Zugefrorene Elbe im Winter
Im Winter wird es sehr kalt in Dresden. Dann kann die Elbe sogar ganz zufrieren. Zu Fuß geht es vom Neustädter zum Altstädter Ufer hinüber, ganz ohne Brücke. 1963 muss es zum letzten Mal so gewesen sein, zuvor auch 1954 und in den Kriegsjahren 1940 und ‚42. 1784 hatte die Eisschicht eine Dicke von 110 Zentimetern.
Wenn die Temperaturen wieder zunehmen, schwimmen dicke Eisschollen im Wasser. Und an Karneval herrscht der Ausnahmezustand. Dresdner verkleidet in bunten Kostümen, stürzen sich kreischend und prustend in die Fluten. Die Eisschwimmer sind da und wollen beweisen, dass man auch bei Minus-Temeperaturen in der Elbe baden kann.
Wenn das Hochwasser kommt
Wenn Hochwasser herrscht, ist es mit all diesem Vergnügen schlagartig vorbei. 2013 war das zuletzt der Fall. 1845, 1890, 2002 und 2006 wurden ähnlich gefahrbringende Pegelstände erreicht. Jedes Jahr kann es sich wiederholen. Meist ereignet es sich im Frühjahr, wenn die Schneeschmelze mit ihren enormen Mengen an Wasser die Katastrophe auslöst.

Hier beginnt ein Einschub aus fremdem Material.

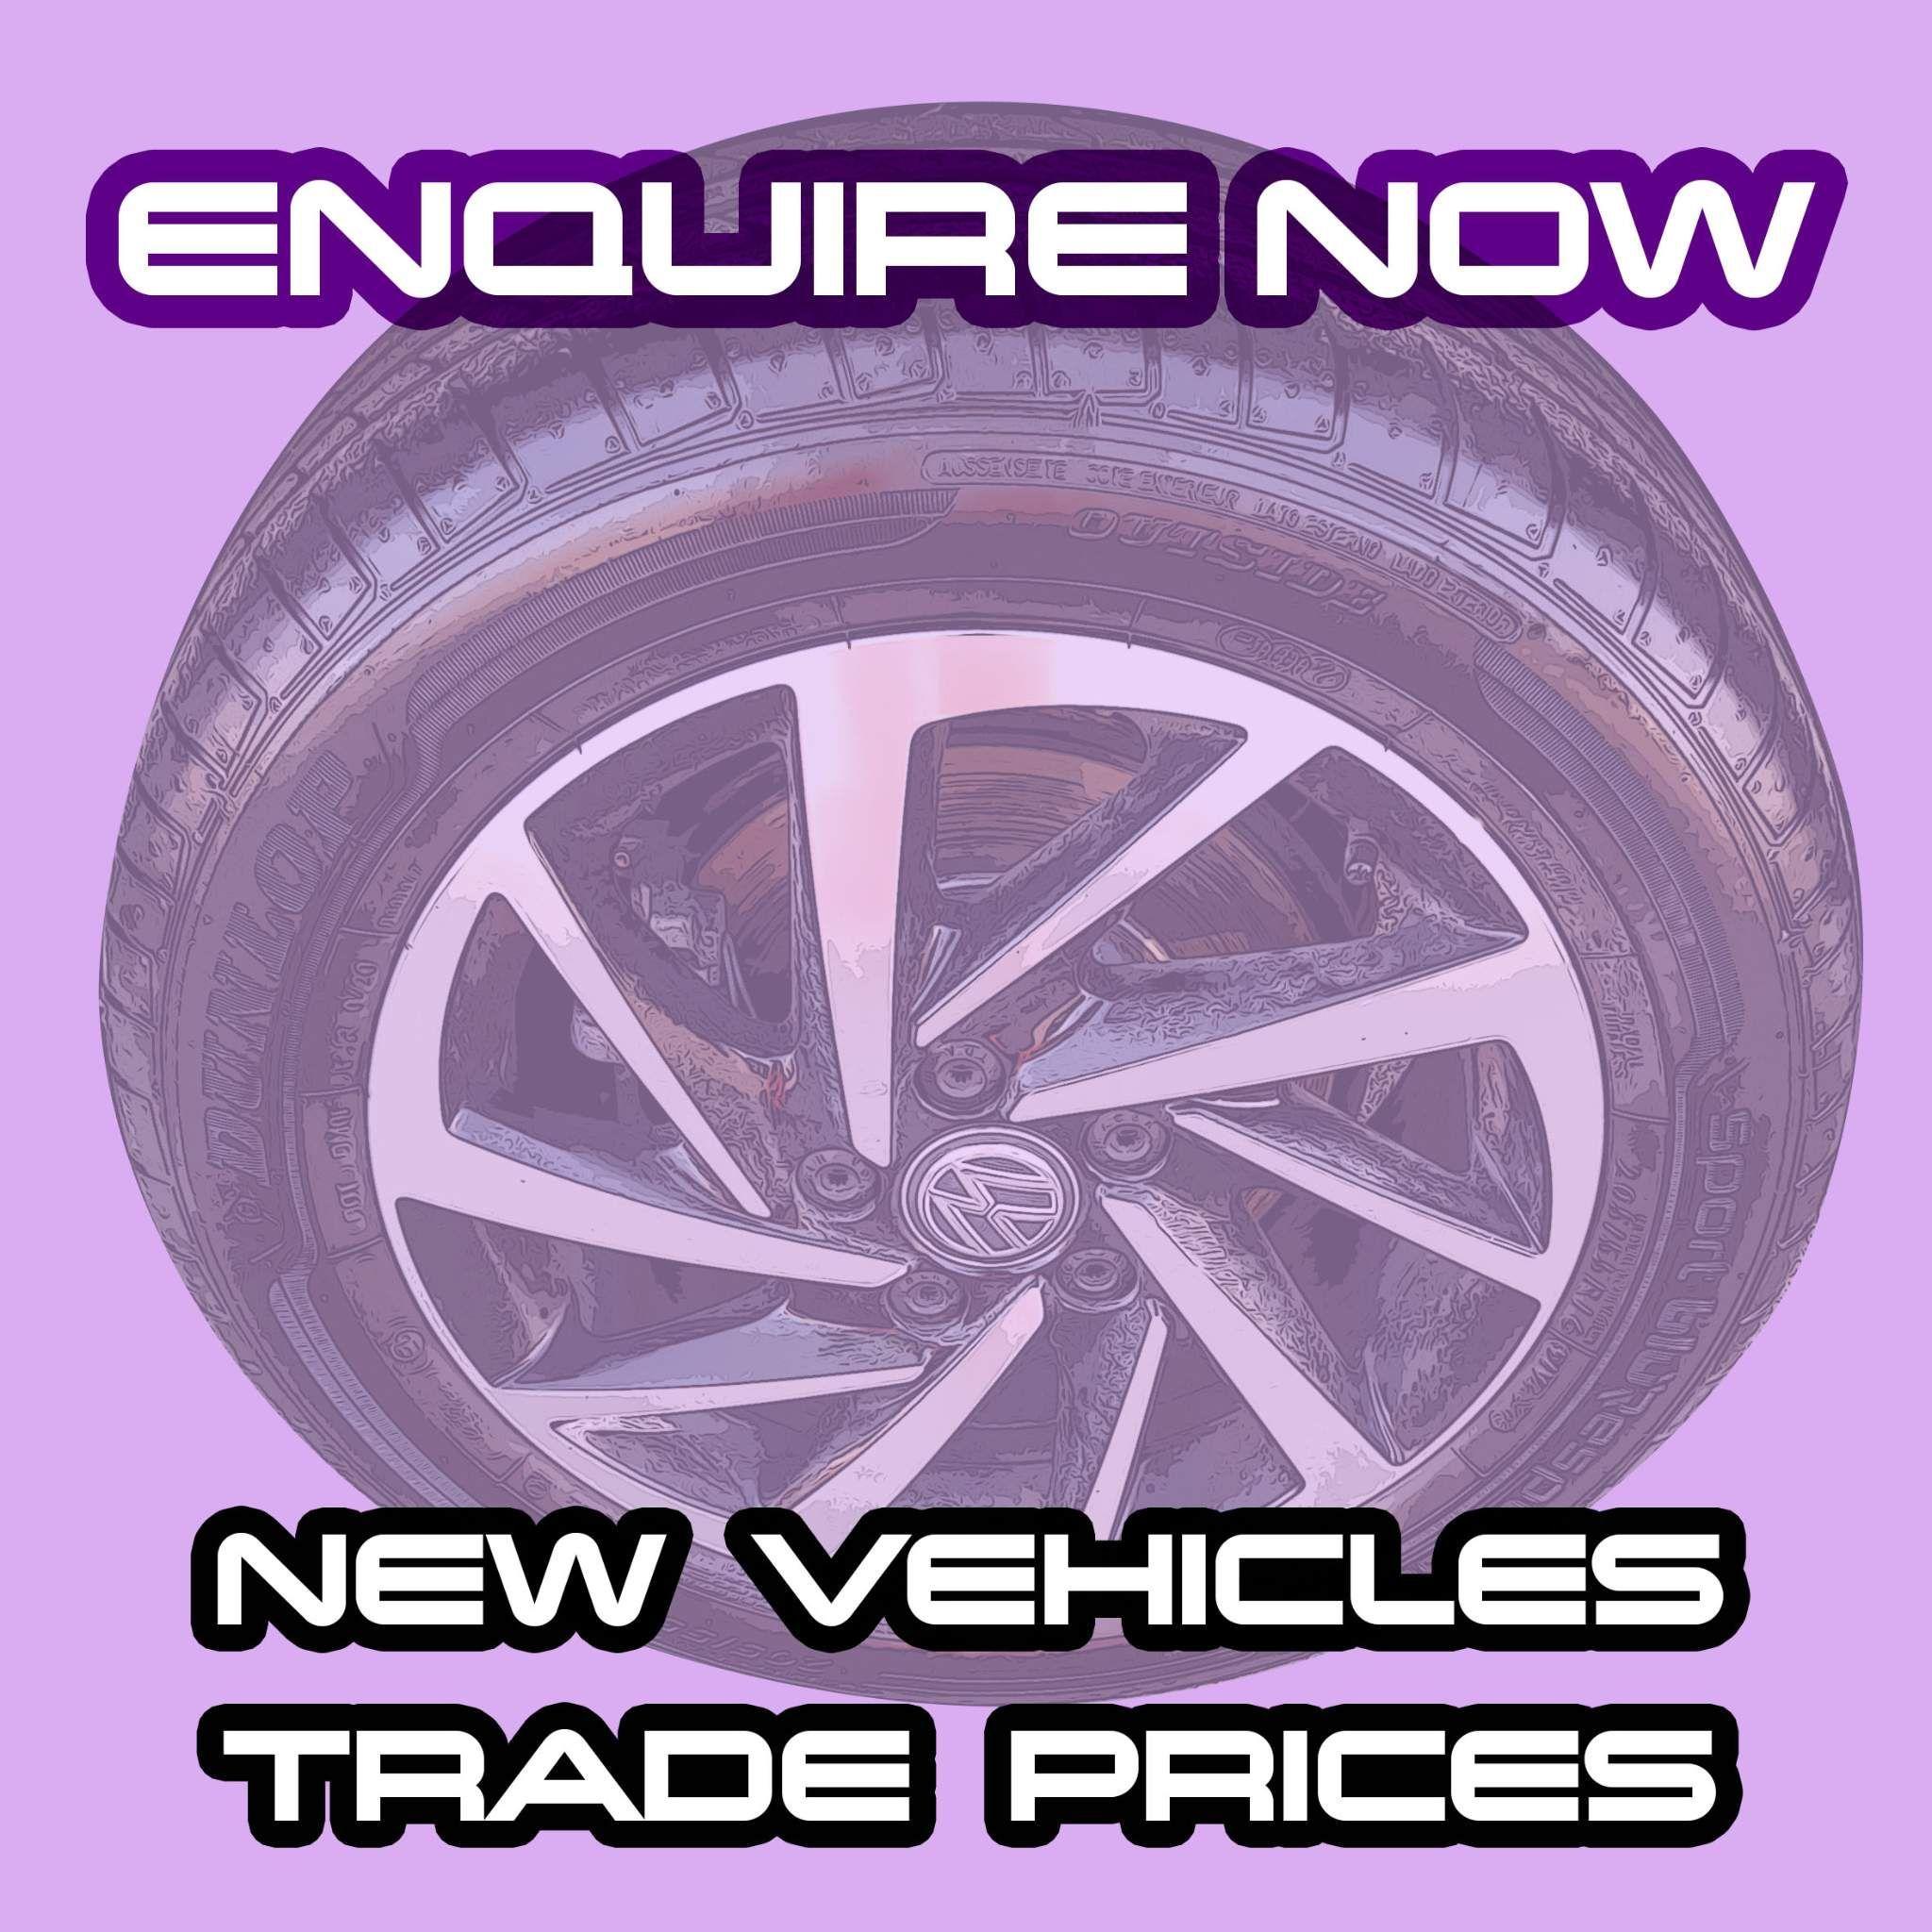 MercedesVito2.1 114 CDi SELECT Tourer G-Tronic RWD L3 EU6 5dr For Sale

Doch auch der Spätherbst kann gefährlich werden, wenn die starken Regenfälle einsetzen. Manchmal passiert es aber auch mitten im Sommer. Dann ist es plötzlich furchtbar still in der Stadt, kein Auto mehr unterwegs. Nur die Hubschrauber kreisen mit ihren rotierenden Blättern über dem Häusermeer. Bedrohlich klingen ihre Motoren.
Intensiv wird daran gearbeitet, Menschen und Häuser vor den lebensbedrohenden Auswirkungen von Hochwasser zu bewahren. Das Leibniz-Institut für Ökologische Raumentwicklung hat über die Jahre unzählige Informationen darüber in Dresden und Umgebung gesammelt. Die Ergebnisse wurden in Datenbanken und Landkarten eingespeist. Über die Jahre sind so repräsentative Dokumente zu den bislang größten Elbe-Hochwässern entstanden.
Schwerpunkte waren dabei die Auswirkungen der Fluten in Dresden bis in den Landkreis Sächsische Schweiz im Südosten der Stadt. Neben den zahllosen Überschwemmungen konnte dadurch abgebildet werden, wie flussnahe Flächen im Oberen Elbtal seit dem 19. Jahrhundert generell genutzt wurden. Im Zusammenhang mit der erhöhten Hochwassergefahr wurden Vergleiche von historischen mit heutigen Siedlungsstrukturen gezogen. Das führte wieder zu neuen Erkenntnissen. Hoffnung bleibt, dass der Gefahr dadurch Einhalt geboten werden kann.